Canadian musician, military officer and educator

James McDonald Gayfer (26 March 1916 – 7 April 1997) was a Canadian bandmaster, clarinetist, composer, conductor, organist, military officer, and music educator. His compositional output encompasses several orchestral works, including two symphonies, numerous works for band and solo piano, a modest amount of chamber music, and several songs, hymns, and choral works. In 1944 his string quartet won the CPRS award and in 1947 his Six Translations from the Chinese for tenor and small orchestra won the Composers, Authors and Publishers Association of Canada competition. In 1953, he was appointed to the post of Director of Music of the Band of the Canadian Guards, serving until 1961. From then on, he served as a musical training officers of the Canadian Forces School of Music. In 1960 he wrote The Canadian Infantryman, the official march past of the Royal Canadian Infantry Corps. Although Gayfer's works remain unpublished, some of them have been recorded by a number of artists, including Howard Cable, David Mills, and the Edmonton Wind Ensemble. The Band of the Royal 22^{e} Régiment continues to perform his works with some frequency. In 1983 he was awarded the Service Medal of the Order of St John.

==Life==
Born in Toronto, Gayfer studied at the University of Toronto where he earned a Bachelor of Music in 1941. In 1942 he met Ralph Vaughan Williams and the two men went on to become lifelong friends. He pursued further studies in London where he earned an associates diploma at the Royal College of Music in 1946 and a licentiate from the Royal Academy of Music in 1947. He also attended courses at the Royal Military School of Music from 1945 to 1947. He returned to the University of Toronto, earning a Doctor of Music in 1950. Among his notable teachers were Jennie Goodman Bouck and Reginald Godden (piano), Maitland Farmer (organ), and Ettore Mazzoleni (orchestration), Arthur H. Middleton, and S. Drummond Wolff.

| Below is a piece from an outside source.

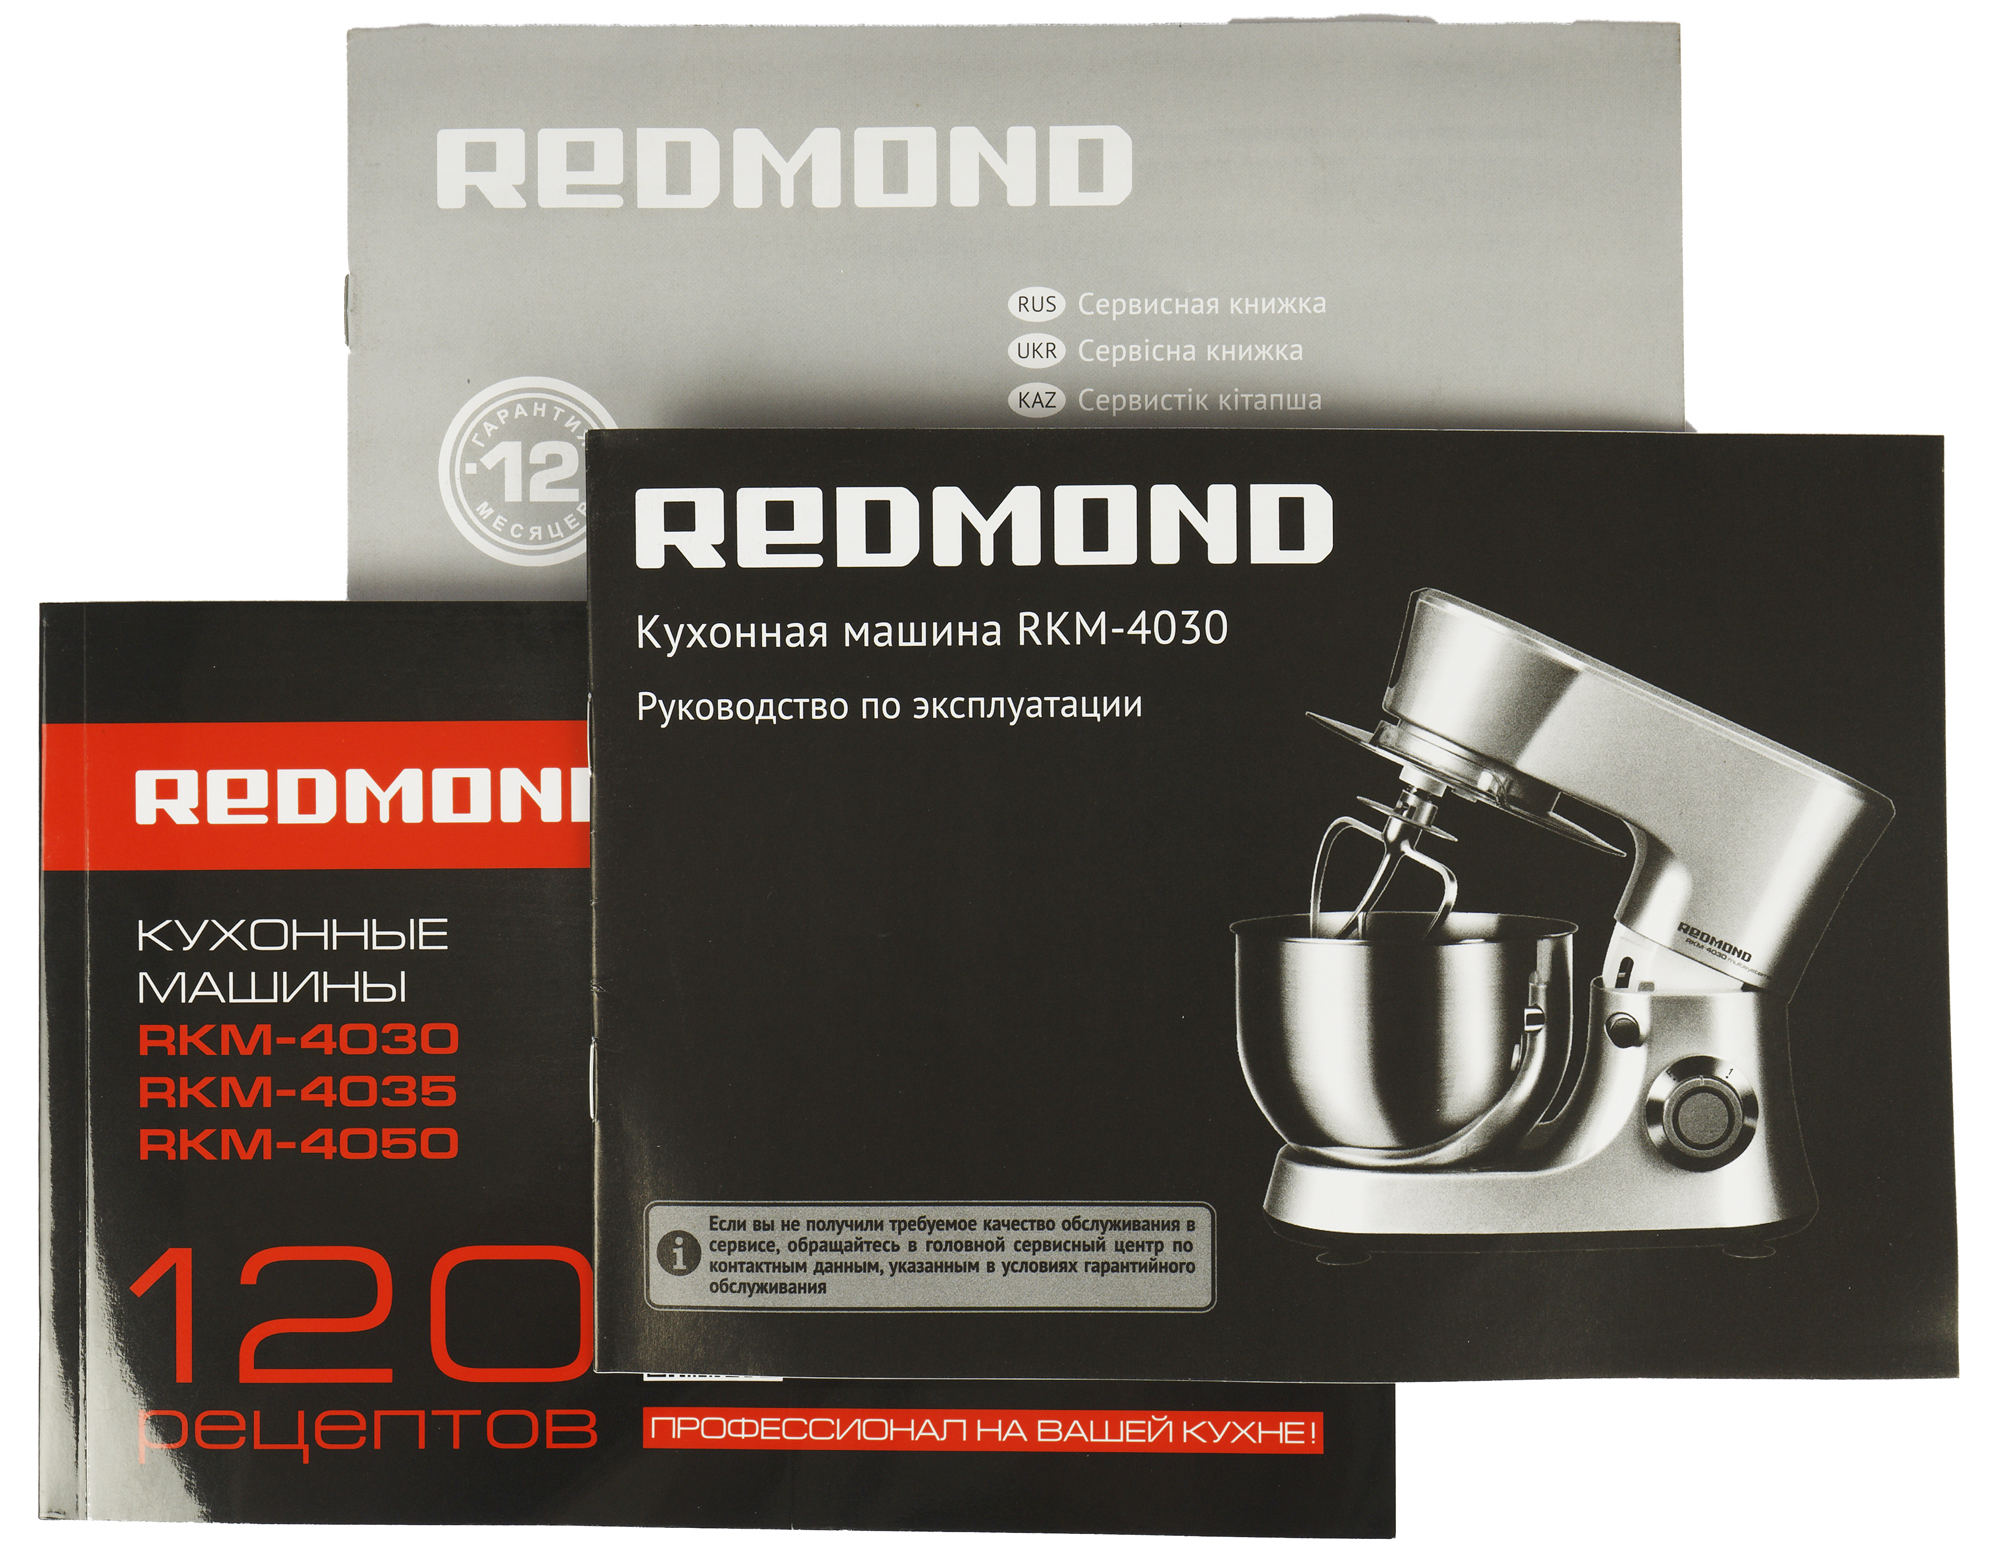 Запчасти на кухонную машину Redmond 4045. Кухонная машина состоит из. Устройство Поттера Redmond.

In 1940 Gayfer joined the Canadian Army, ultimately becoming a clarinetist in the band of the Royal Canadian Corps of Signals with whom he was stationed in Europe from 1943 to 1945. He later was appointed command bandmaster and command inspector of bands, a post he held from 1947 to 1951. From 1954 to 1961 he was director of music of the band of The Canadian Guards and from 1961 to 1968 he served as the first musical training officer for the Canadian Forces School of Music. He notably took some of the military bands to Japan and Korea for concerts to entertain troops overseas. He retired from the military in 1966 with the rank of Major.

While serving in the military, Gayfer, also held various church posts in the Ontario area as organist/choirmaster. He was also conductor of the Harmony Symphony Orchestra from 1949 to 1954 and was involved in conducting opera and operetta performances in Toronto from 1962 to 1966. He served as the associate conductor of the Victoria Symphony Orchestra in 1963-1964 and was the leader of the Kitchener Musical Society Band in 1971–1972.

After leaving the Canadian Army, Gayfer joined the teaching staff at Southwood Secondary School in Galt where he taught from 1966 to 1972. In 1967 he founded the Galt Community Choir and Orchestra, serving as the groups conductor through 1970. He also taught music classes at Champlain High School in Pembroke and was a member of the music faculty at Dalhousie University from 1972 to 1974. In 1978 he founded the Petawawa Legion Community Band. He died in Lindsay, Ontario at the age of 81.